Hanrrikson de Andrade, Lucas Valença e Thaís Augusto*

Do UOL, em Brasília e em São Paulo

09/06/2021 04h00Atualizada em 10/06/2021 14h10

Em depoimento hoje na CPI da Covid, o coronel Antônio Elcio Franco Filho, ex-número dois do Ministério da Saúde, afirmou desconhecer a atuação do chamado "gabinete paralelo" de aconselhamento do presidente Jair Bolsonaro na pandemia, disse que a aquisição de cloroquina pelo governo federal foi para programa antimalária e elogiou o plano de vacinação no país.

"Que eu tenha conhecimento, esse grupo não teve nenhuma ação sobre a gestão do ministério", disse Elcio Franco, que atuou diretamente com o ex-ministro Eduardo Pazuello nos dez meses de sua gestão. "Nunca participei nem tomei conhecimento do que era tratado nesse grupo", afirmou, em resposta a questionamento do relator da CPI, senador Renan Calheiros (MDB-AL).

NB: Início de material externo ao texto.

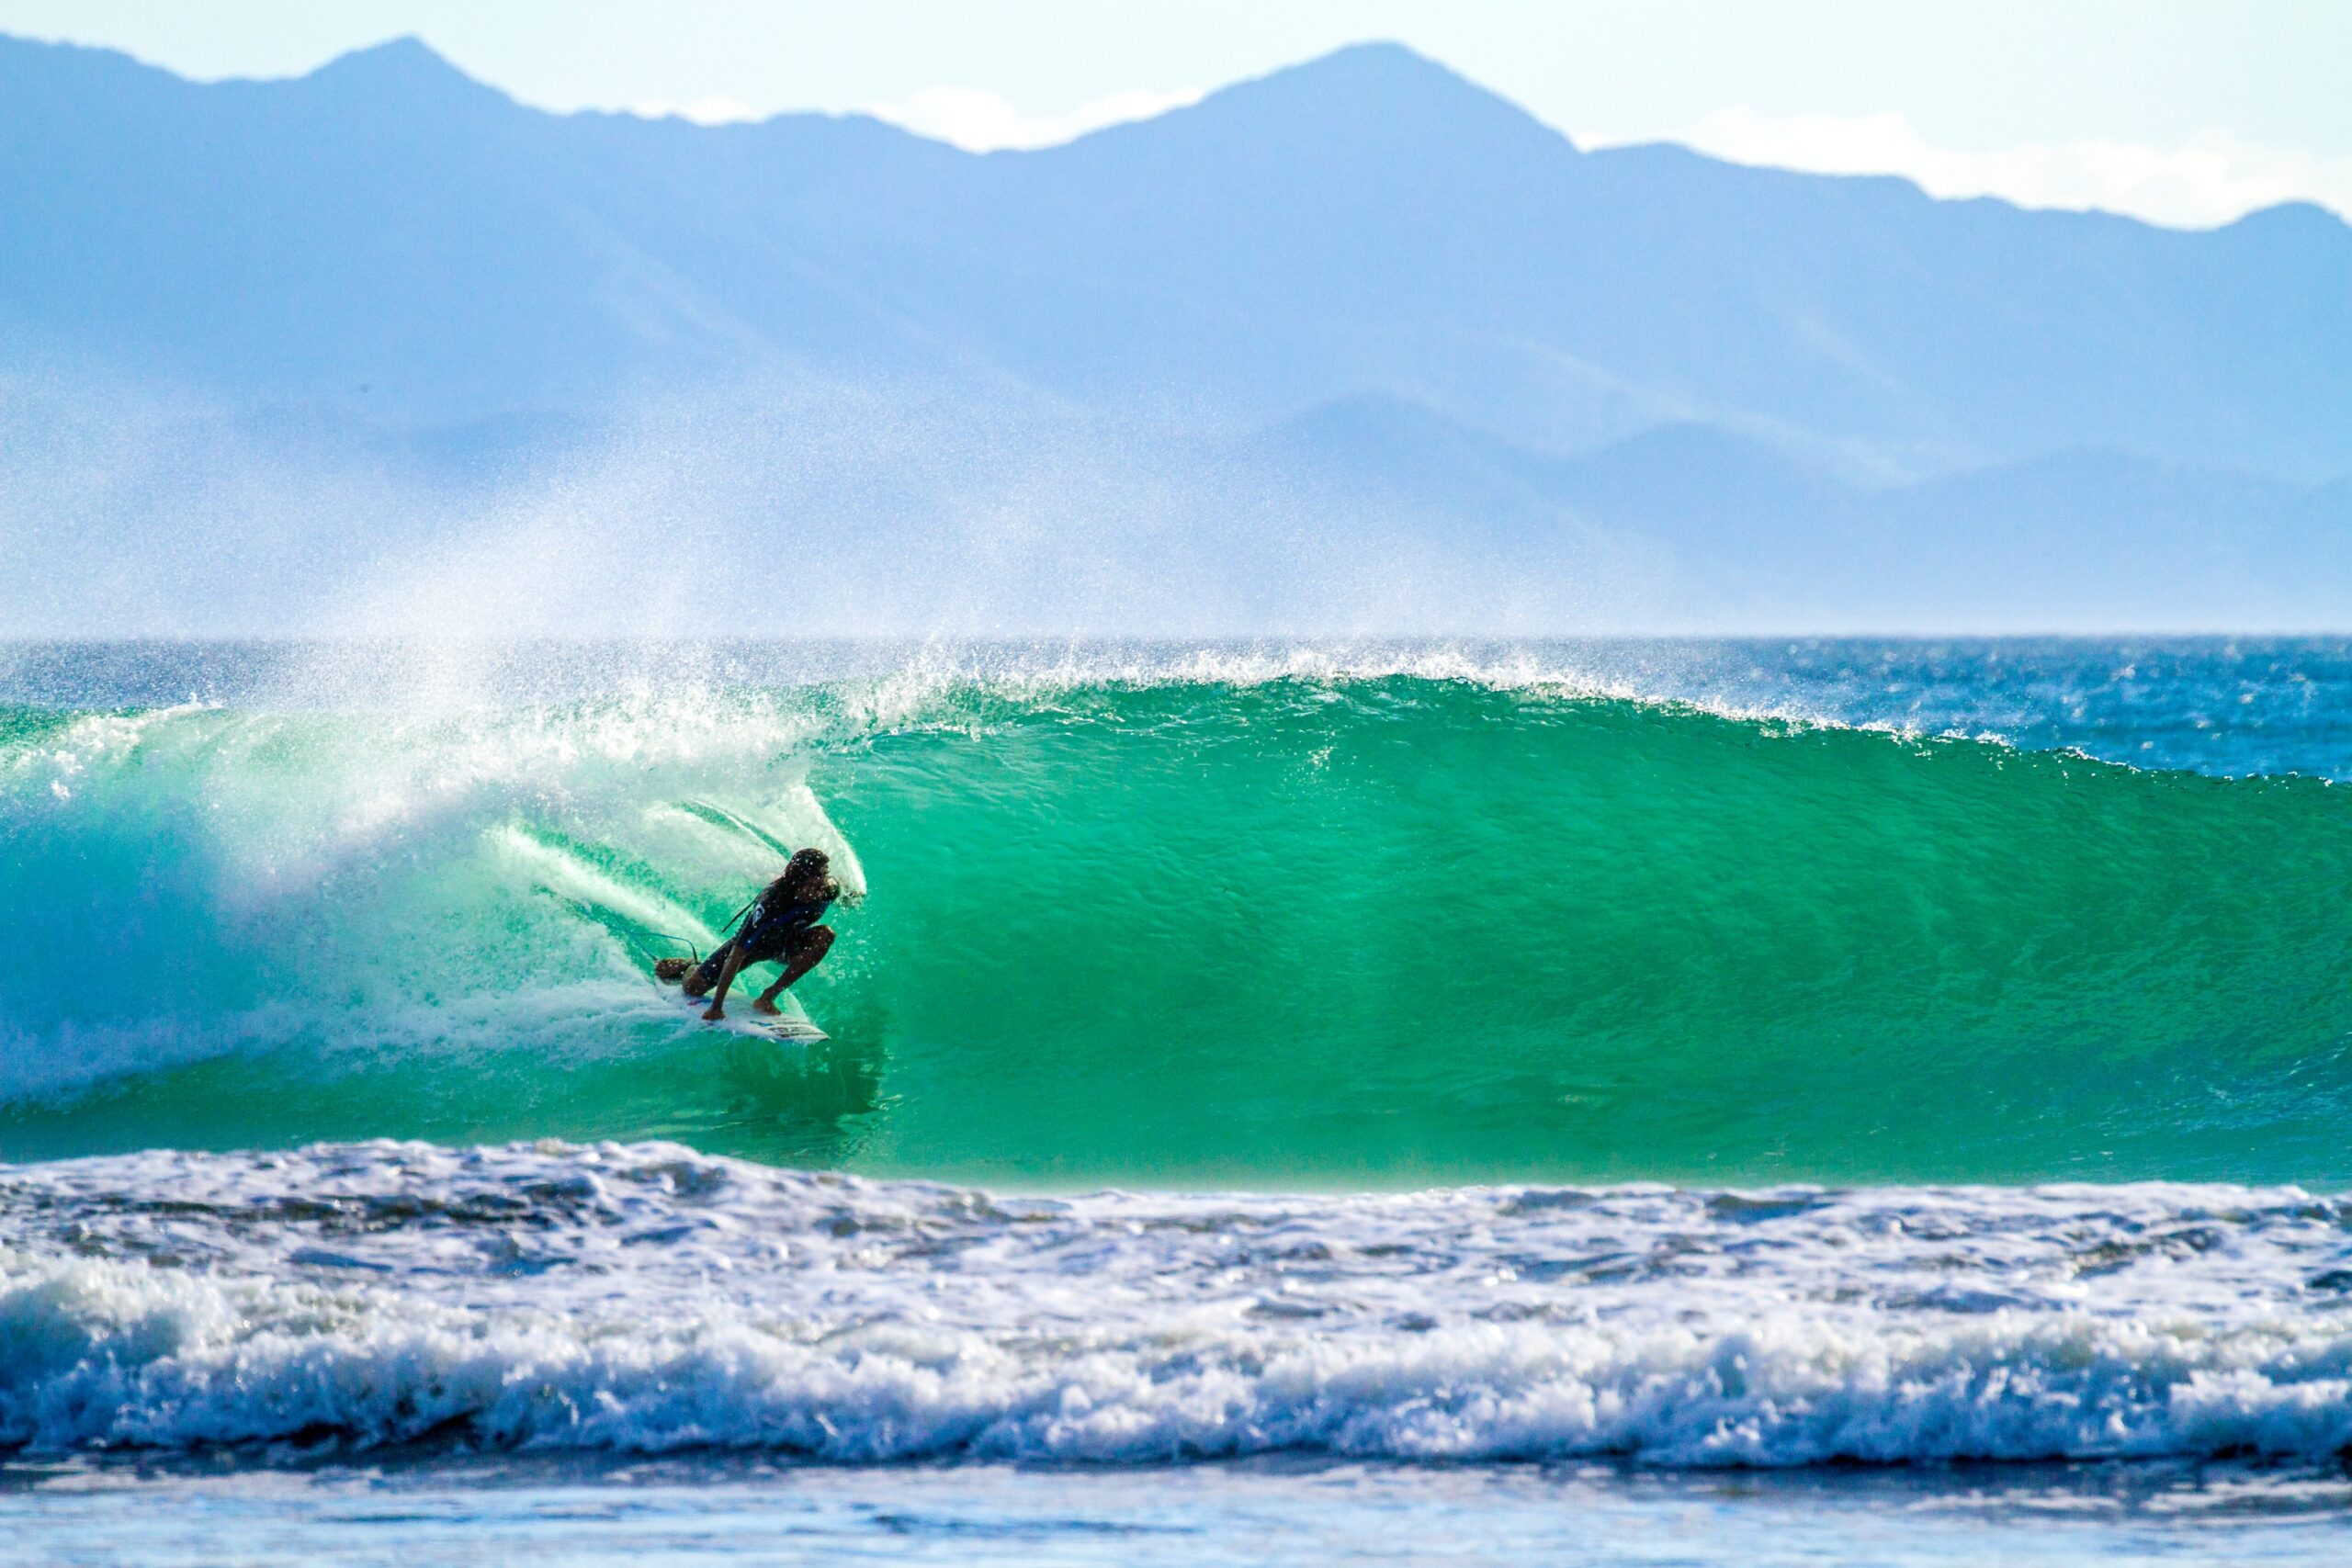 A local surfer shows how it is done in a secret spot in Nicaragua

A existência de um "gabinete paralelo" é um dos principais focos de apuração da comissão parlamentar de inquérito. Para a cúpula da CPI, o grupo orientou Bolsonaro na contramão da ciência, priorizando a distribuição de medicamentos como a cloroquina e o do chamado "tratamento precoce", ineficazes contra a covid, em detrimento da compra de vacinas.

Sobre a compra de cloroquina pela União, Elcio Franco disse aos senadores que o remédio comprado foi utilizado para o combate à malária. No entanto, em maio, um documento entregue pelo Ministério da Defesa à CPI informou que parte da cloroquina produzida pelo Exército foi usada no tratamento da doença viral.

"Não ocorreu a aquisição de cloroquina em 2020 para o combate à covid-19, porém, identificamos que, para atender ao programa antimalária do primeiro semestre deste ano, em 30 de abril de 2020 foi assinado um termo aditivo com a Fiocruz no valor de R$ 50 mil visando a aquisição desse fármaco para uso posterior", afirmou.

Compra de vacinas

Um outro ponto abordado pelos senadores em relação ao trabalho do ex-secretário no Ministério da Saúde dizia respeito ao processo burocrático para a aquisição de vacinas e insumos.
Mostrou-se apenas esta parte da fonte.